Inter-racial couples is it easier or harder?

  • Posted by a hidden member.
    Log in to view his profile

    Nov 02, 2010 6:45 AM GMT
    Just wondering if people find it easier to date people from same culture, rather than interacial couples.
  • Posted by a hidden member.
    Log in to view his profile

    Nov 02, 2010 11:46 AM GMT
    YES, but I think you are confusing 'inter-racial" with "inter-cultural." With all prejudice and intolerance aside and on more of a one-on-one level, an inter-cultral relationship can be a little difficult to maintain during the first few years. I've dated (not hooked up with, but seriously dated) a number of men of different ethnic backgrounds and the only issues that came up were from external sources; once you ignore the ignorant then you can start to develop a healthy relationship.
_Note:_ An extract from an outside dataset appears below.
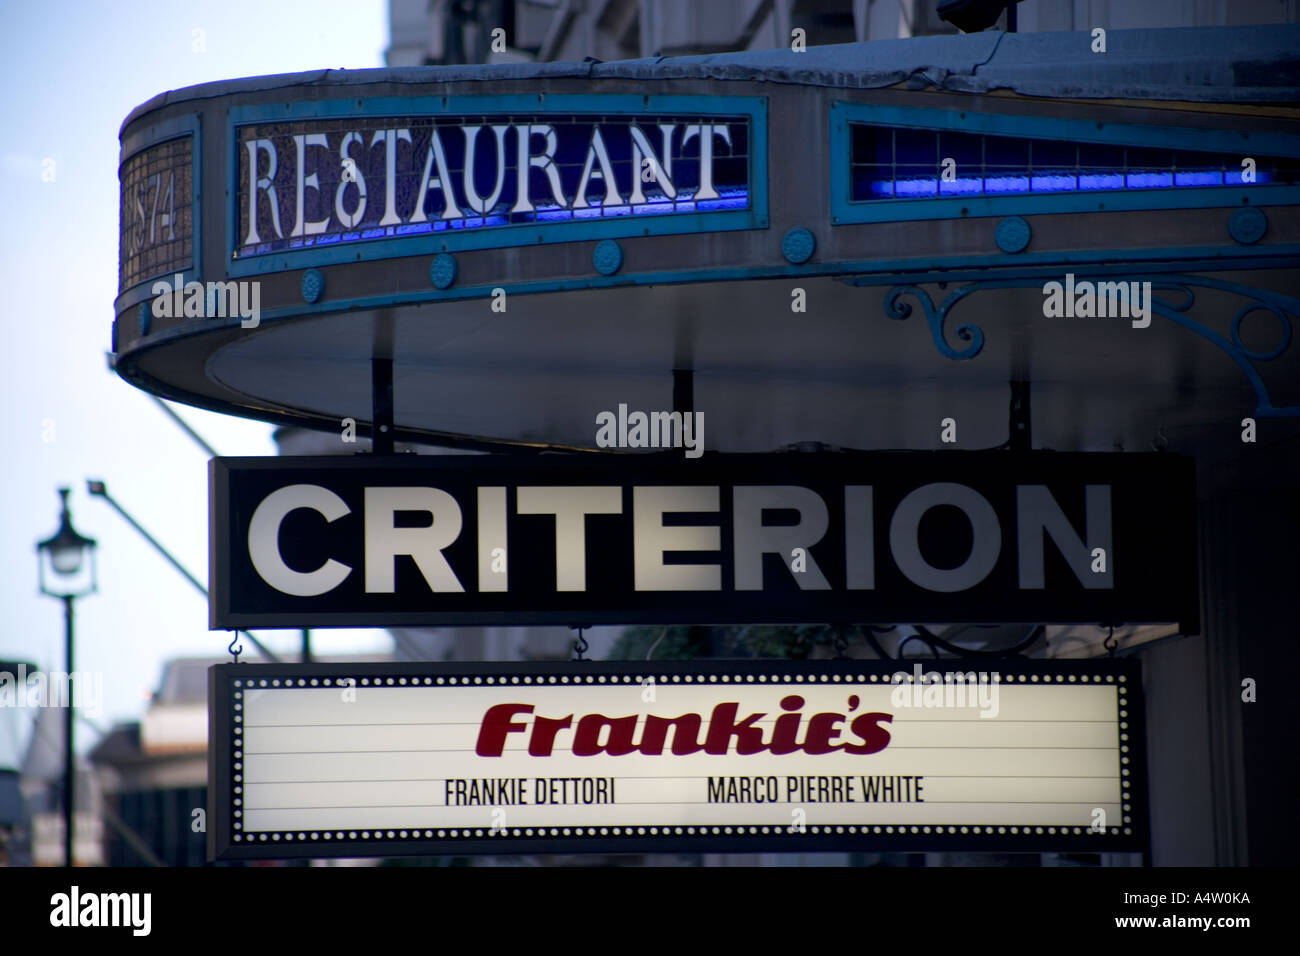 Frankies Criterion Restaurant Piccadilly Circus London England Stock Photo

    On the other hand, my current partner of 4 years is black, however, we are of a different cultural upbringing -- he is of Haitan decent -- and his family SERIOUSLY LOATHES anything remotely homosexual. Also, after arriving in America over a decade ago, he adopted the Islam religion; that also seemed to have its seperate issues and conflicts with homosexuality. I am [on paper] black and was raised southern baptist (then 'converted' to penetocostal when my mother started to have issues with the current church).

    Anyway, enough of my life story. What I am trying to say, and some folks may disagree with this is: issues within an inter-racial relationship seems to have developed not from the two individuals dating, but from the environment in which it is contained; people outside of the relationship looking down upon you because of your choice of person to date. If you two are seriously into each other, again, ignore the ignorant.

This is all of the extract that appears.